LE CARENZE INFORMATIVE DELLA BANCA NON TROVANO ATTENUAZIONI

29/04/20

La Suprema Corte con ordinanza n. 8212 del 27 aprile 2020 ha respinto il ricorso della Banca intermediaria nel collocamento dei Bond argentini, finiti poi in default.

La vicenda giudiziaria nasce dalla citazione in giudizio dei risparmiatori per operazioni di acquisto effettuate nel 1997 e nel 2000.

La corte d’appello aveva dato ragione solo parzialmente ai risparmiatori,  dichiarando “non grave” l’inadempimento informativo relativo alla prima operazione con la motivazione che gli investitori a tre anni di distanza avevano di nuovo acquistato titoli della stessa specie.

La cassazione, invece, riforma la decisione muovendo dalla applicazione dell’art.23, comma 6, del TUF, che prevede un’ inversione dell’onere della prova in favore del cliente stabilendo che ” nei giudizi di risarcimento danni cagionati al cliente nello svolgimento dei servizi di investimento e di quelli accessori, spetta ai soggetti abilitati l’onere della prova di aver agito con la specifica diligenza richiesta”.

Nel giudizio risarcitorio, quindi, è la banca che ha l’onere di provare: a) di aver adeguatamente informato i clienti sulla natura, i rischi e le implicazioni della specifica operazione o del servizio;

b) l’adeguatezza dell’operazione rispetto ad esperienza, obiettivi di investimento, situazione finanziaria e propensione al rischio del cliente.

Secondo la Cassazione, invece, “non può farsi discendere dal successivo acquisto delle obbligazioni argentine, avvenuto diversi anni dopo la prima operazione, la mancanza di gravità dell’inadempimento ex art. 1455 c.c in relazione al primo negozio, a fronte della accertata violazione degli obblighi di informazione e di valutazione di adeguatezza dell’operazione rispetto al profilo ed agli obiettivi degli investitori”.

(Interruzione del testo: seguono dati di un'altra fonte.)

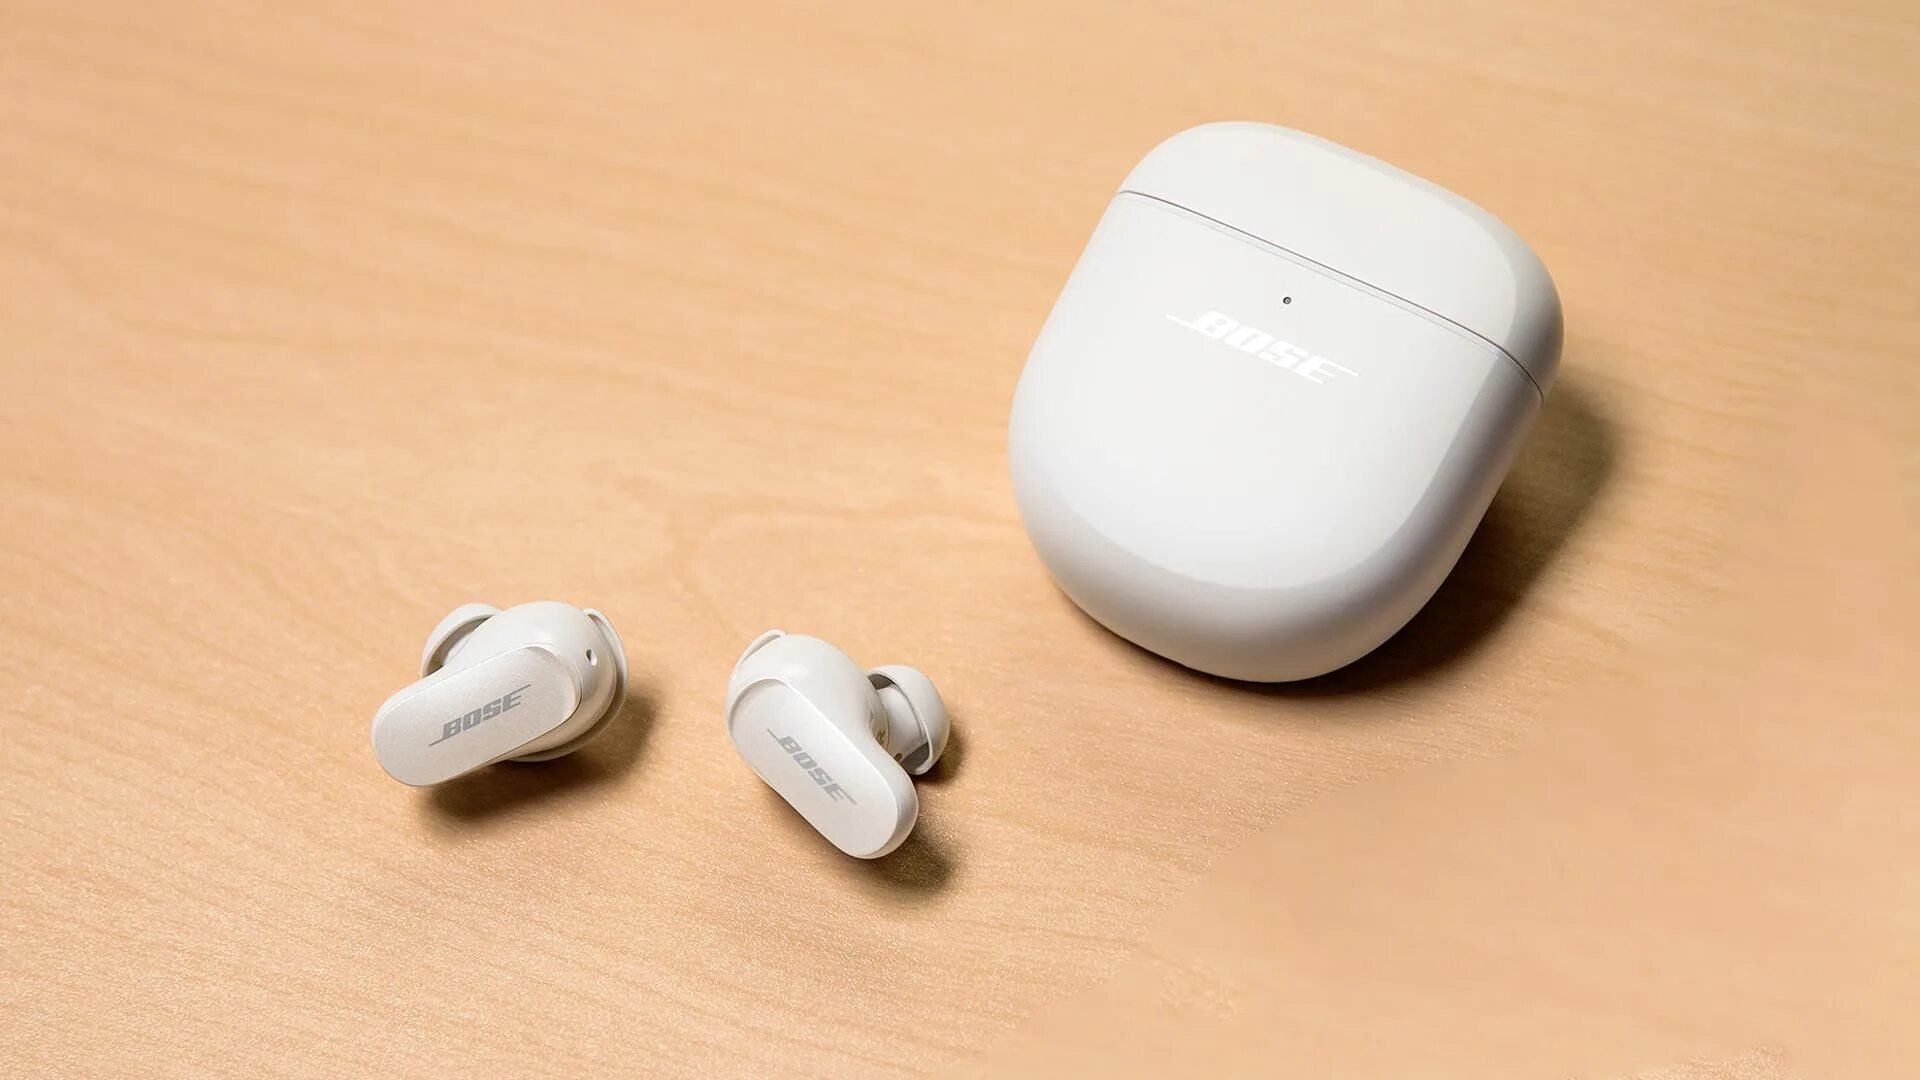 Bose earbuds 2. Bose QC Earbuds. Bose QUIETCOMFORT Earbuds. AIRPODS Pro 2.

In altre parole, prosegue la decisione, “non può inferirsi la non scarsa importanza dell’inadempimento dell’intermediario dal solo fatto che il cliente abbia nuovamente acquistato obbligazioni argentine a distanza di alcuni anni”. Mentre il fatto che nel 1997 le indiscrezioni sul possibile default dell’Argentina non fossero ancora diffuse “non attenua la violazione del dovere di informazione in capo alla banca che ha, in ogni caso, omesso di dare un’informazione completa sul prodotto finanziario e di valutarne l’adeguatezza rispetto al profilo dei clienti”.

La pronuncia della Corte si sofferma anche sulle circostanze sintomatiche che, secondo la difesa della banca,  possono dimostrare una sufficiente esperienza e conoscenza  in materia di investimenti,  riducendo gli obblighi informativi e le responsabilità.

Scrive la Corte, in proposito, che “Appare del tutto irrilevante  il fatto che uno dei clienti fosse dipendente di banca, posto che tale qualifica non implica una particolare conoscenza del mercato e dei prodotti finanziari”. “Né – aggiunge la Corte – l’esperienza dei clienti poteva fondarsi sul pregresso acquisto del medesimo titolo nel 1997”. Nessuna efficacia sanante rispetto alle carenze informative – prima fra tutte la mancata indicazione del rating: “elemento basilare di ogni investimento in prodotti finanziari” – può derivare dunque dall’aver semplicemente ripetuto un investimento già fatto in precedenza.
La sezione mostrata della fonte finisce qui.